4Regional Statistics & Visualization
For each region and year, we compute:
- Average Feature Vector: Mean of all 65 dimensions across pixels within the region polygon
- Temporal Variance: Standard deviation of feature vectors across years
- Point Count: Number of satellite pixels assigned to the region (data coverage indicator)
- Change Metrics: Regional-level temporal change scores for comparative analysis
Interactive maps display:
- KML Region Boundaries: Color-coded polygons representing mangrove conservation zones
- Hotspot Markers: Red stars indicating locations with highest temporal change
- Satellite Basemap: High-resolution imagery for visual context
- Popup Statistics: Click markers/regions to view quantitative change metrics
Analysis Results & Visualizations
Hiyagon Wetland (ęÆå±ę ¹ę¹æå°) Temporal Analysis
Comprehensive temporal change analysis of Hiyagon Wetland covering 2017-2024. The visualization below shows six analytical panels revealing environmental dynamics across 11 sub-regions.
Key Findings:
- Most Dynamic Region: Region_12 (Change Score: 0.5940)

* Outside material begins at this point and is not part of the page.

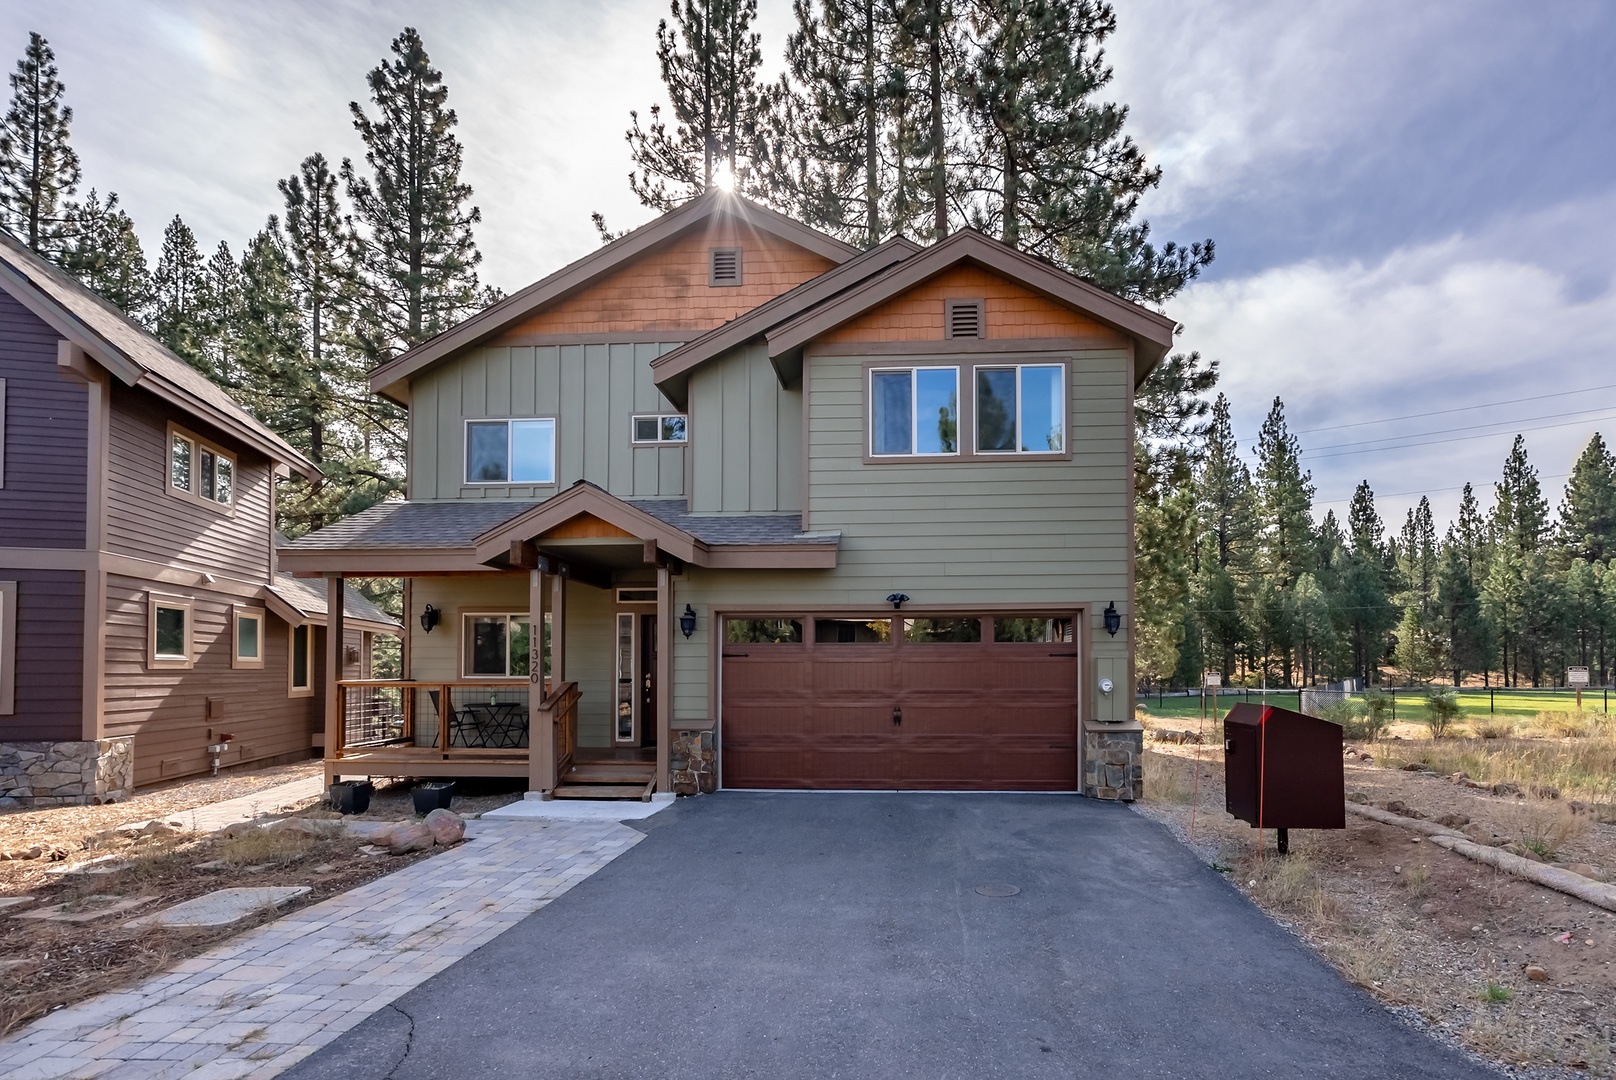 Front view of home: Wolverine Truckee Getaway

- Temporal Coverage: 8 years of AlphaEarth embeddings (2017-2024)
- Top Hotspot: 127.828491°E, 26.312437°N (Euclidean distance: 0.4168)
- Data Points: 896 satellite pixels analyzed across 4 major regions
Panel Descriptions:
Top-left: Regional change scores |
Top-center: Cumulative change in most dynamic region |
Top-right: Year-to-year changes comparison
Bottom-left: Spatial distribution with KML boundaries |
Bottom-center: Feature vector magnitudes over time |
Bottom-right: Maximum point changes per region
Kin/Kokuba River Mangroves Analysis
Note: Kin mangrove analysis encountered coordinate system alignment issues between AlphaEarth pixel locations and KML region boundaries. Zero points were assigned to regions, indicating a potential datum mismatch. Further investigation required to ensure WGS84 coordinate consistency across datasets.
Technical Issue: The Kin mangrove dataset shows 28,760 satellite pixels but none fall within the downloaded KML polygon boundaries. This suggests either:
- Coordinate reference system mismatch (CSV vs KML)
- Incorrect KML file selection from Google Maps database
- Geographic offset in AlphaEarth pixel coordinates
Solution: Verify CSV coordinate ranges match KML polygon bounds and ensure both use WGS84 datum.